Se resuelve la tutela que Carlos Luis Chacón Contreras promovió contra la Sala Civil Familia del Tribunal Superior del Distrito Judicial de Cúcuta, extensiva al Juzgado 4º Civil del Circuito de la misma ciudad y a las autoridades partes e intervinientes en el proceso ejecutivo No. 540013153004-2022-00027-00.
ANTECEDENTES
1. El accionante solicitó que se declare la nulidad del auto emitido por el Tribunal accionado por medio del cual la magistratura mantuvo incólume el mandamiento de pago emitido en el proceso ejecutivo en comento. También solicitó que se declare la nulidad de todo lo actuado con posterioridad al mencionado proveído.
Como soporte de su pedimento adujo que C.I. EXCOMIN S.A.S. promovió en su contra el proceso ejecutivo referido. El asunto le correspondió al Juzgado 4º Civil del Circuito de Cúcuta, autoridad que se abstuvo de librar mandamiento ejecutivo. Contra dicha determinación la parte demandante promovió recurso de apelación y en virtud del mismo el Tribunal accionado revocó la decisión y ordenó que se librara mandamiento de pago (20 mayo 2022).
A pesar de lo anterior, el Juzgado accionado concedió el recurso (26 septiembre 2022) y en consecuencia, el Tribunal dispuso revocar la determinación y en su lugar, mantuvo incólume el mandamiento de pago librado (31 marzo 2023).

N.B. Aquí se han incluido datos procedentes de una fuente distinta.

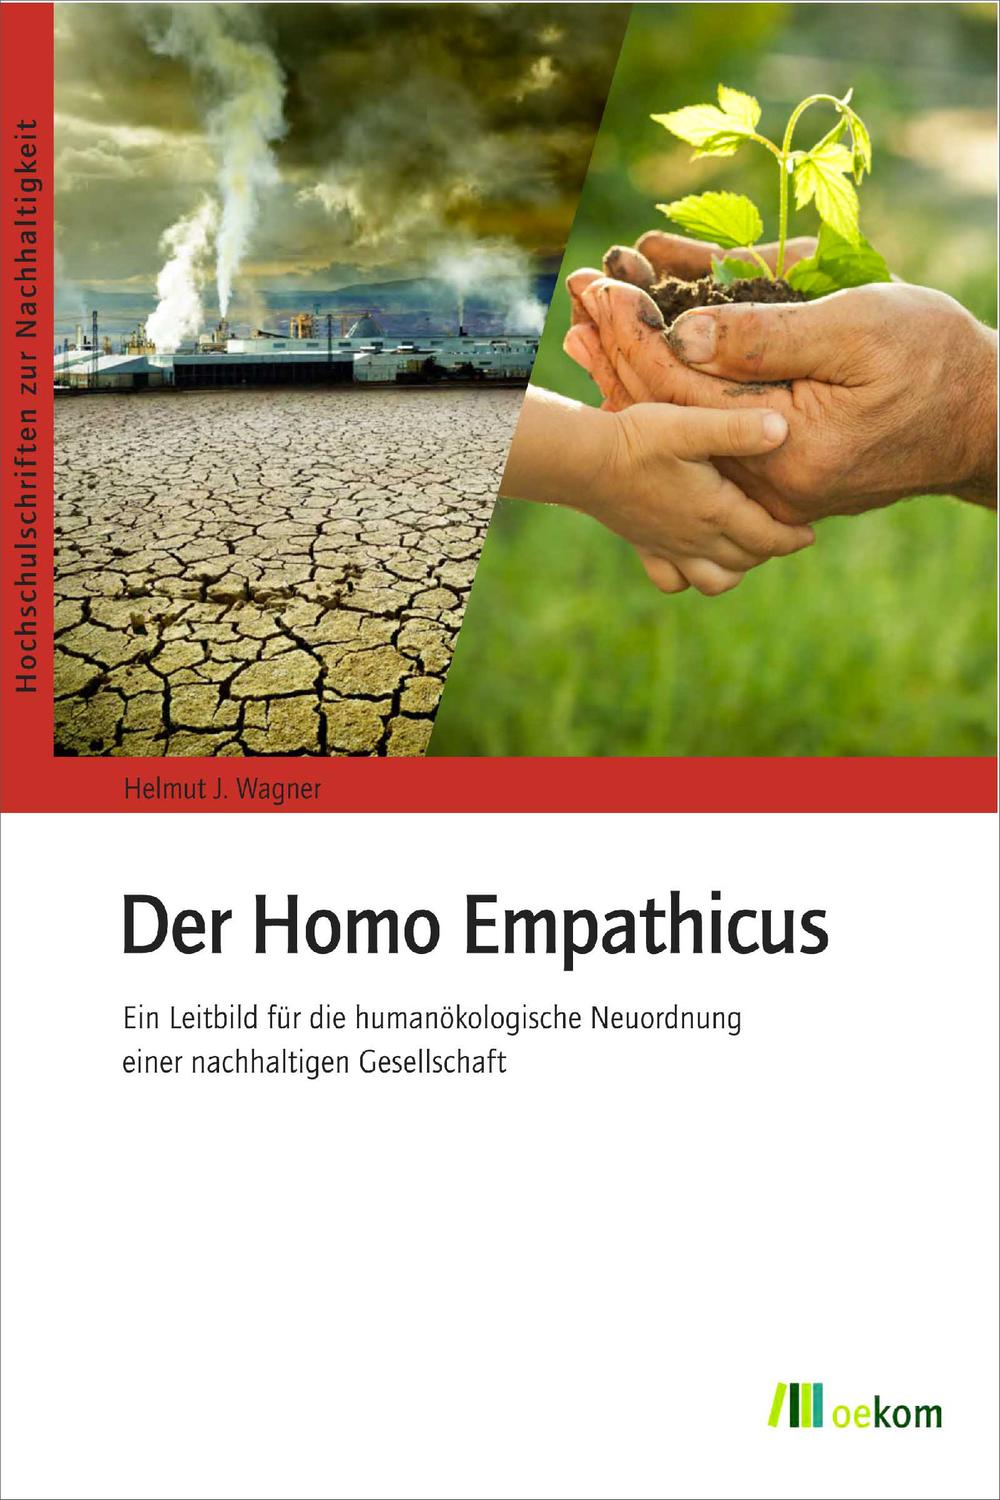 Der Homo Empathicus - Helmut J. Wagner

A juicio del censor, la decisión es nula por la extemporaneidad del recurso; además, no fue debidamente motivada.
2. El Tribunal accionado remitió el enlace de acceso al expediente.
La sociedad ejecutante adujo que el amparo no cumple con el requisito de subsidiariedad, toda vez que el actor no promovió recurso de reposición contra la decisión que concedió la alzada del auto que negó el mandamiento. También defendió la legalidad de la providencia emitida por el Tribunal y señaló que lo aducido por el actor carece de relevancia constitucional.
CONSIDERACIONES
El amparo solicitado será denegado porque no satisface el requisito de subsidiariedad; además, la decisión emitida por el Tribunal accionado es razonable.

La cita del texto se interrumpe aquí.